Whatever is communicated through the purity of intention is out of my hands
è davvero difficile scrivere qualcosa ascoltando “Black Metal” di Dean Blunt, un lavoro che è banalmente ricchissimo di contenuti racchiusi in una struttura ambivalente. “Forever” è lo spartiacque non solo perchè sta nel mezzo: pianoforte, chitarra, lagna scoordinata e un sax stordito pronto ad accogliere chiunque nella nebbia. Si apre un limbo mai pienamente stabilizzato ““ d’altronde se fosse coagulato e consolidato non lo avremmo chiamato limbo – dove la condanna è dietro l’angolo. Insomma la prima parte è tutta un folk slabbrato, chitarre, panoramiche interne sull’identità vista come recinto e non come meta salvifica. Psicosi quieta ed intima. La seconda sezione è una danza sbilenca ed afona, dub periferico, flussi ambient stonati, elettronica, coscienza dormiente e prese per il culo continuate. Comunemente una recensione dovrebbe continuare così, ma come si può procedere analizzando pezzi chiamati “PUNK” e “COUNTRY” quando questi non hanno nulla a che vedere con i generi base della musica? E pure il titolo del lavoro non è un riferimento al cupo. Possiamo tranquillamente parlare di erba se vogliamo restare ancorati ai clichè che circolano intorno al personaggio, un’artista che non fa molto per risultare simpatico.

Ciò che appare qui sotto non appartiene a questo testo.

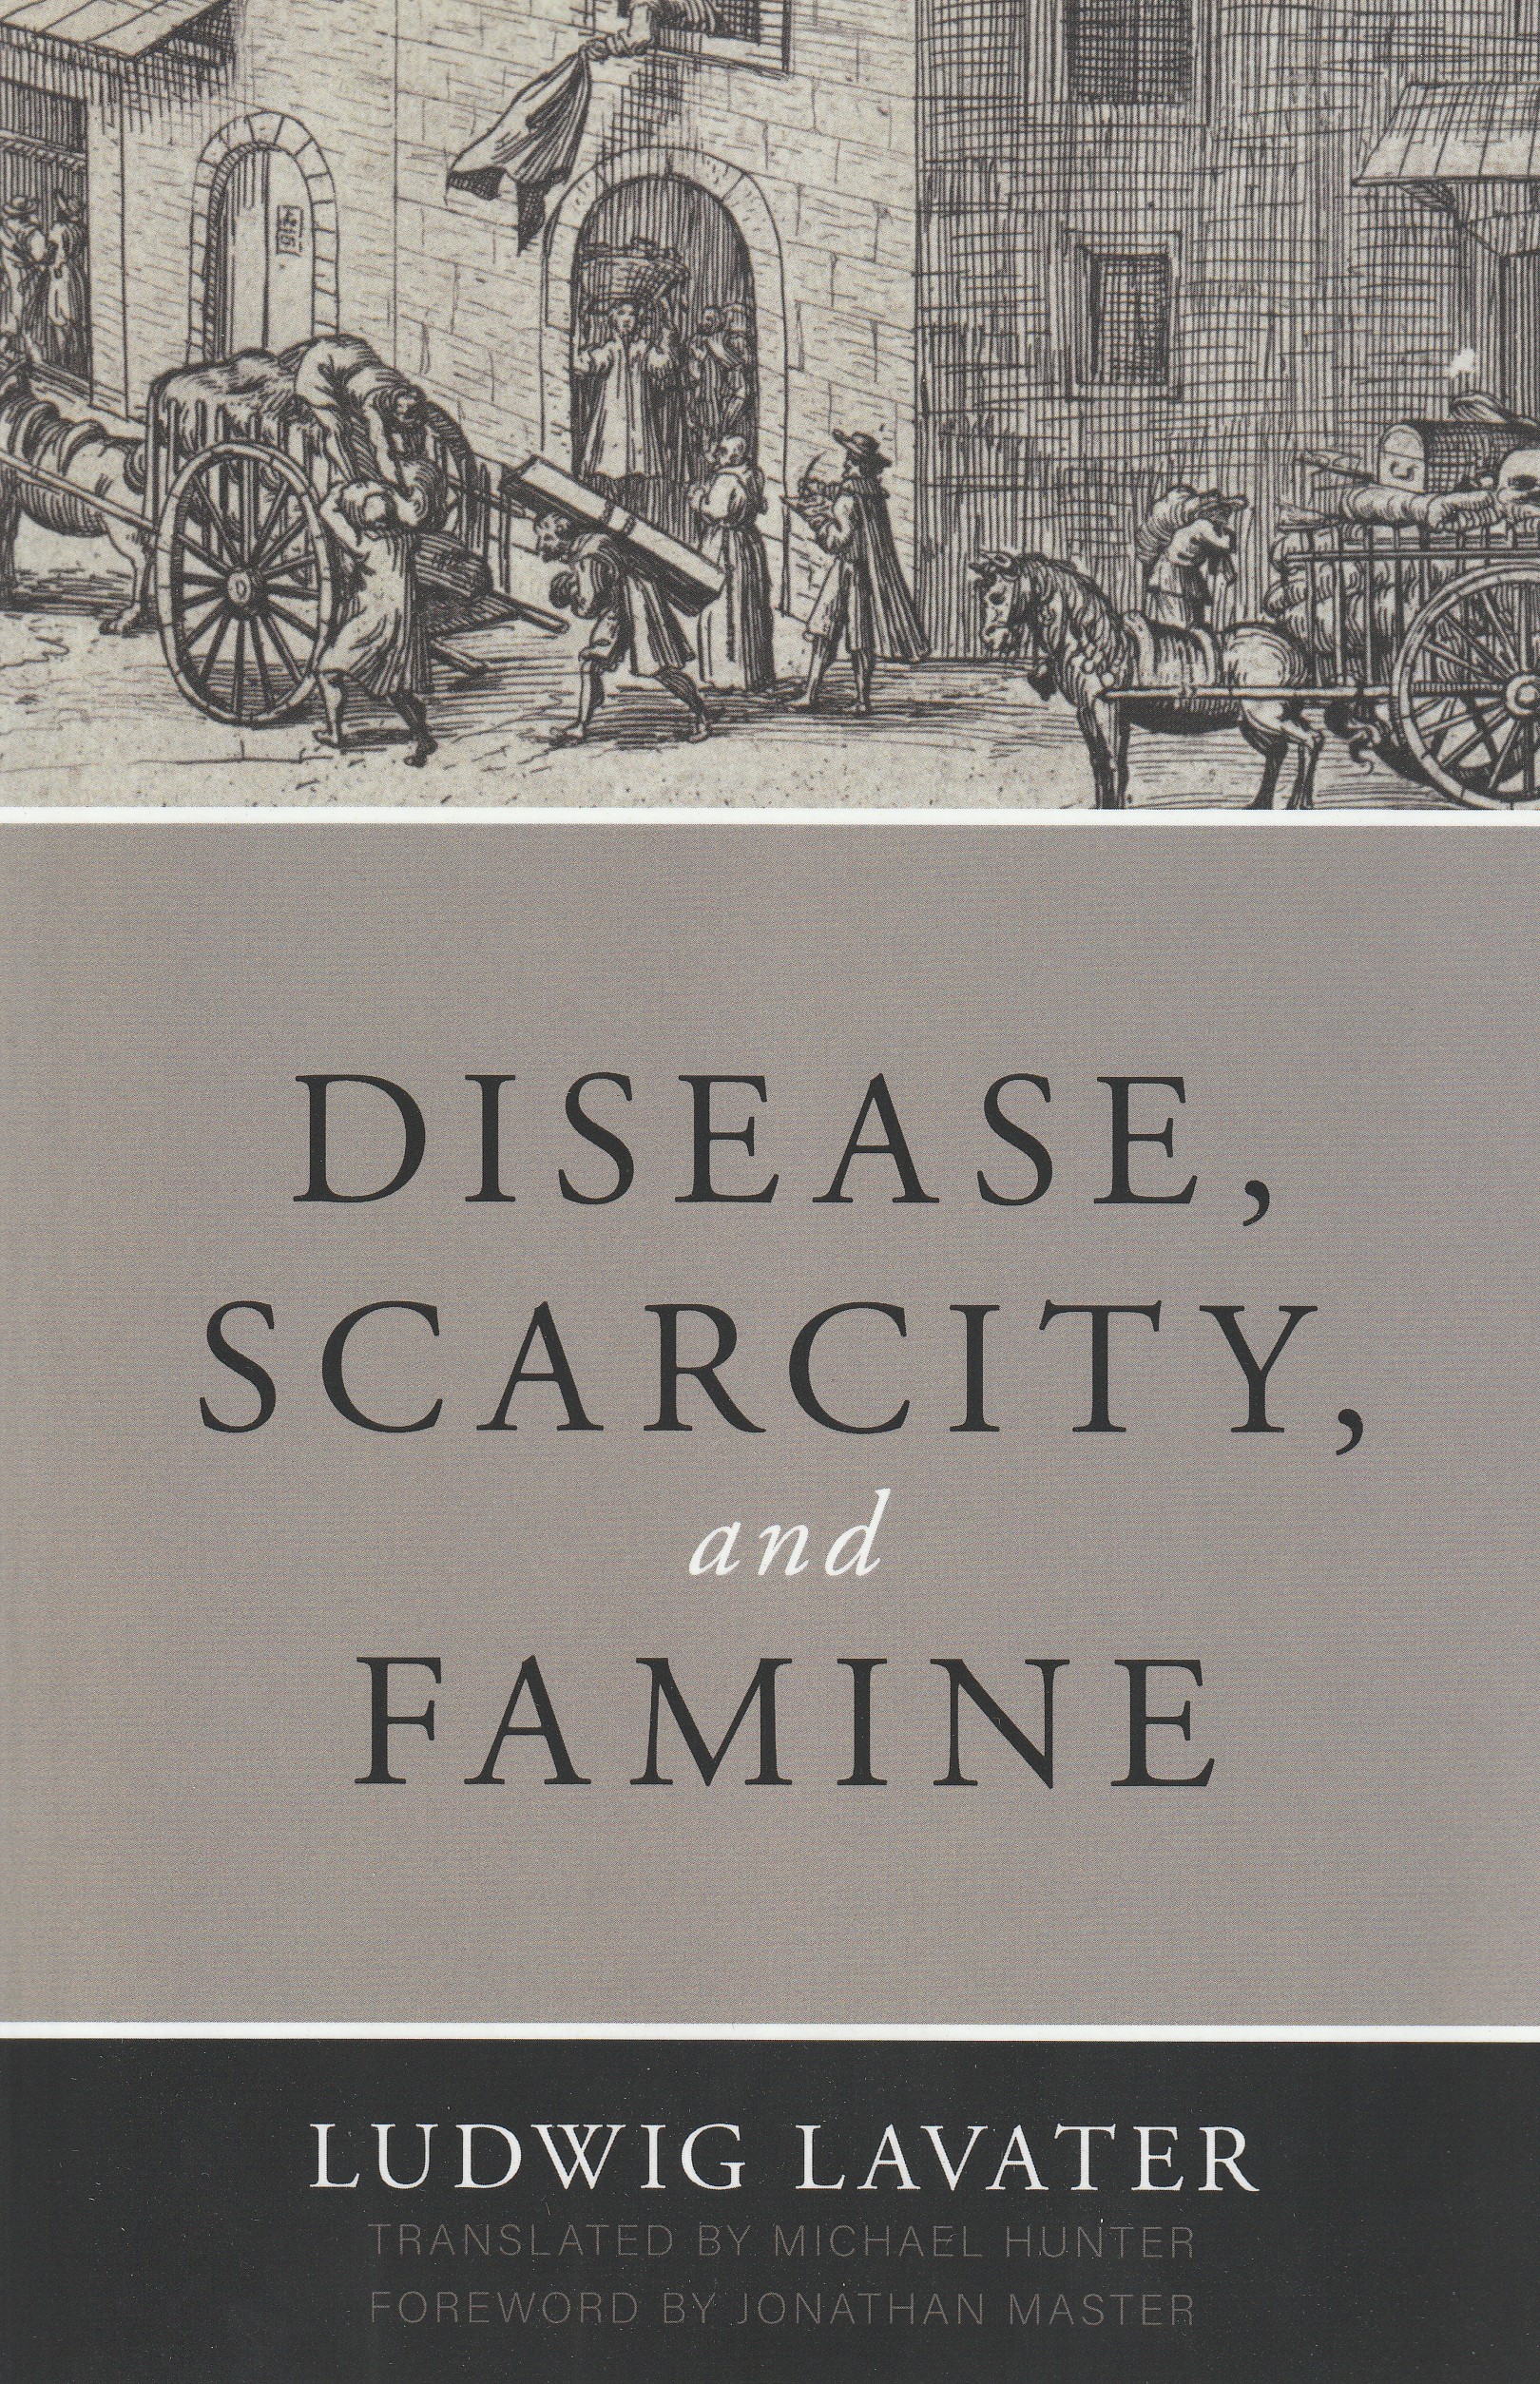 Disease, Scarcity, and Famine

Qui cercheremo di scavare, perchè deve rimanere molto oltre l’hype, ammesso che ci sia. Si rischia di perdere il succo, i testi e via dicendo, soffermandosi esclusivamente sull’idea preconcetta che ci si è fatti di Dean Blunt: un cazzone.
Everybody says I’m wrong
E quindi di cosa parliamo? Fondamentalmente bisogna saper ascoltare le persone anche se così facendo la proposta si carica di pesanti riferimenti. Then there’s black metal as black culture’s version of metal, I offer [“…] I hate black appropriation of death white tropes. I think that’s wack. Fucking Afropunk, Greg Tate shit. Si chiama in causa l’identità nera ed il discorso è radicale, visto l’irrisolvibile quesito che si pone nella testa dell’Altro. Se far propri i “white tropes” è una forma di assoggettamento culturale come si può evitare la discriminazione strisciante? Si cade in una sorta di cortocircuito cognitivo. Integrarsi nella società implica una mediazione necessaria e la perdita cosciente o meno dei propri riferimenti culturali. Dall’altro lato il rifiuto rafforza ulteriormente l’impressione di alterità violenta e misteriosa. Il colonialismo come lo si può leggere nei libri di storia è finito, ma nella mente rimane tale groviglio. Il contemporaneo non ha annullato certi tic omogeneizzanti in senso negativo e neppure la falsa positività dettata dal politicamente corretto.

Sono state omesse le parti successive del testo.